问题
I have two data sets ,
EmployeeDetail(data set 1):-
id
name
gender
location
SalaryDetail(data set 2):-
id
salary
I need to join both and find out average salary of male and female in each location. So I tried following code .
EmpDetail = load '/Users/bmohanty6/EmployeeDetails/EmpDetail.txt' as
(id:int, name:chararray, gender:chararray, location:chararray);
SalaryDetail = load '/Users/bmohanty6/EmployeeDetails/EmpSalary.txt' as
(id:int, salary:float);
JoinedEmpDetail = join EmpDetail by id, SalaryDetail by
id;
GroupedByLocation = group JoinedEmpDetail by location;
AverageSalary = foreach GroupedByLocation {
genderGrp = group JoinedEmpDetail by JoinedEmpDetail.EmpDetail::gender;
avgSalary = foreach genderGrp generate group,
AVG(JoinedEmpDetail.SalaryDetail::salary);
generate group as location, JoinedEmpDetail.EmpDetail::gender, avgSalary;
};
But it is throwing below error
<line 6, column 22> Syntax error, unexpected symbol at or near
'JoinedEmpDetail'
Can anyone please help where am I doing the mistake or how to do it properly?
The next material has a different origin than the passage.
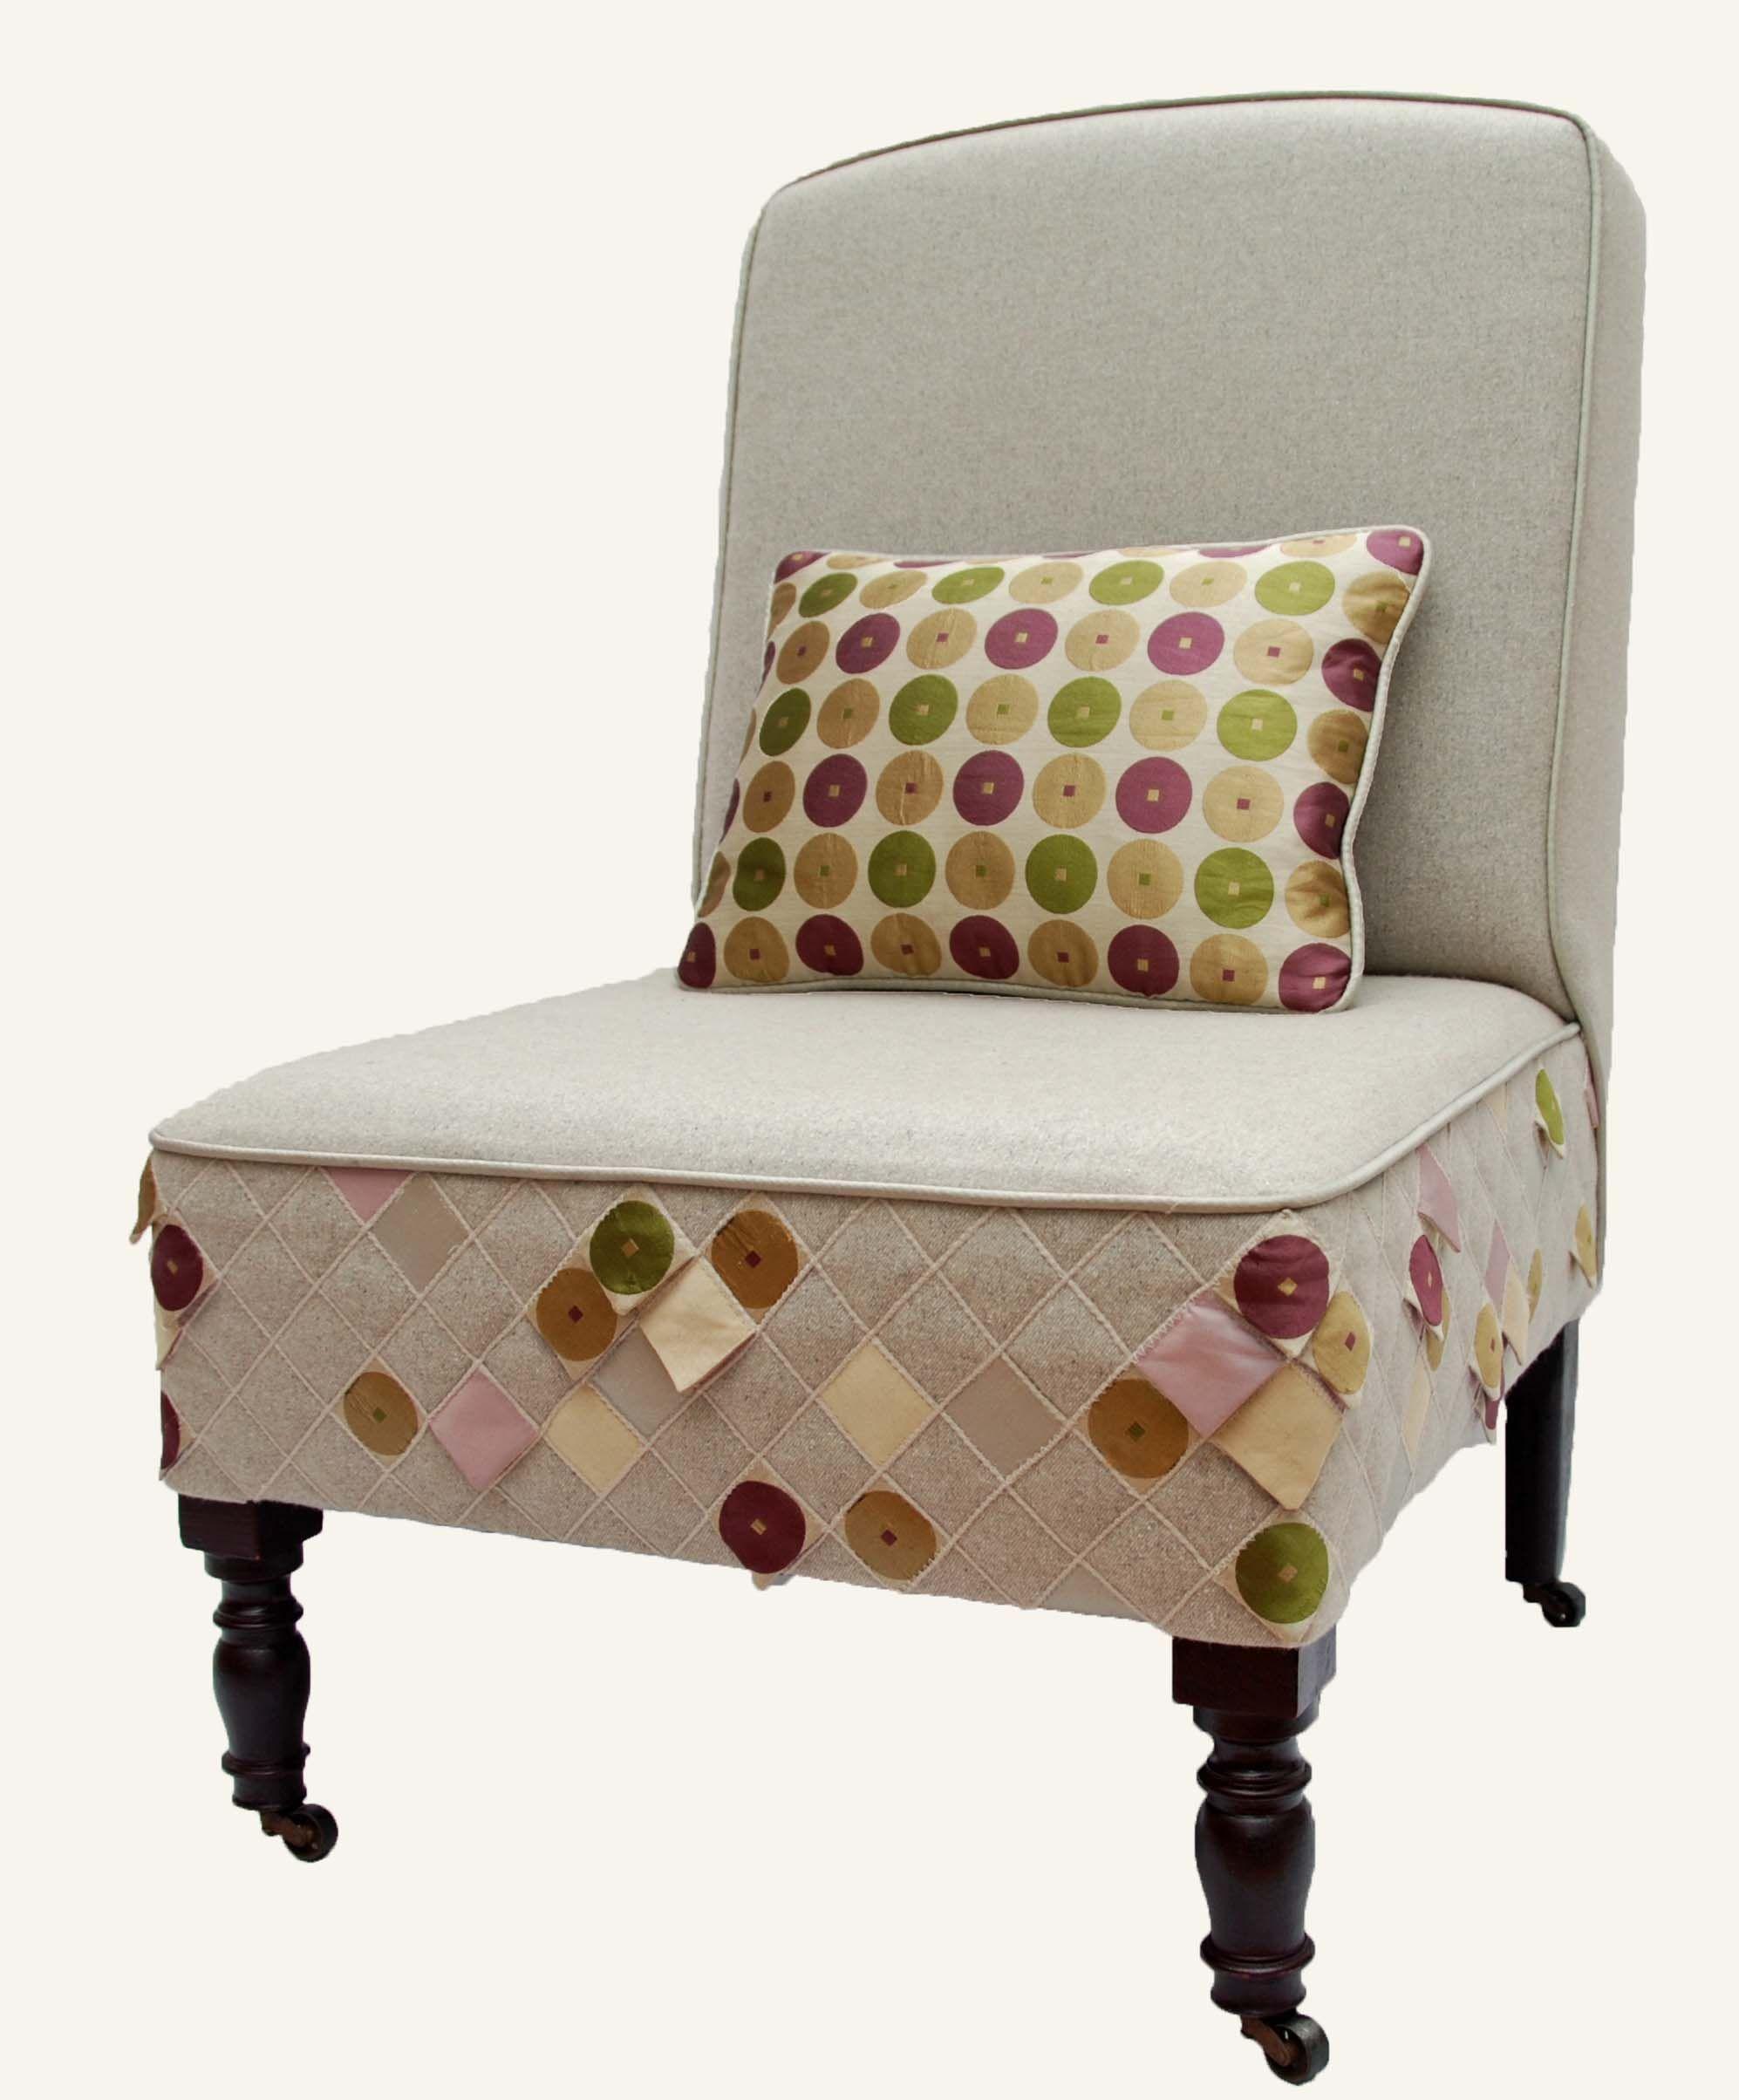 A 'petal' nursing chair. | Makers Yard Bespoke | Pinterest

For more clarity about my requirement I am giving some sample data sets.
EmpDetail.txt
1 Biswa Male Bangalore
12 Bratati Mahapatra Female Chennai
2 Bibhu kalyan Male Bangalore
3 Chinta Male Mumbai
10 Amrit Anand Male Bangalore
11 Sateesh panda Male Bangalore
4 Kirti Kumar Male Mumbai
6 Shruthi Female Chennai
7 Vijay Male Chennai
5 Bibhu Male Chennai
9 Bratati Mohanty Female Bangalore
8 Rupa Mahapatra Female Bangalore
13 Salini Female Mumbai
14 Priyanka Chopra Female Mumbai
EmpSalary.txt
1 10000
12 12000
2 15900
3 9000
10 8000
11 13400
4 7600
6 22000
7 17000
5 16800
9 9800
8 10000
13 11000
14 12500
Final result I need is:
Mumbai male <avgsalary amount>
Mumbai female <avgsalary amount>
Bangalore male <avgsalary amount>
Bangalore female <avgsalary amount>
Chennai male <avgsalary amount>
Chennai female <avgsalary amount>
回答1:
You can solve this problem using simple foreach stmt
so don't go for nested foreach stmt.
Group command
will not work inside nested Foreach, its restricted in pig. Only few commands are allowed inside the nested foreach (CROSS, DISTINCT, FILTER, FOREACH, LIMIT, and ORDER BY).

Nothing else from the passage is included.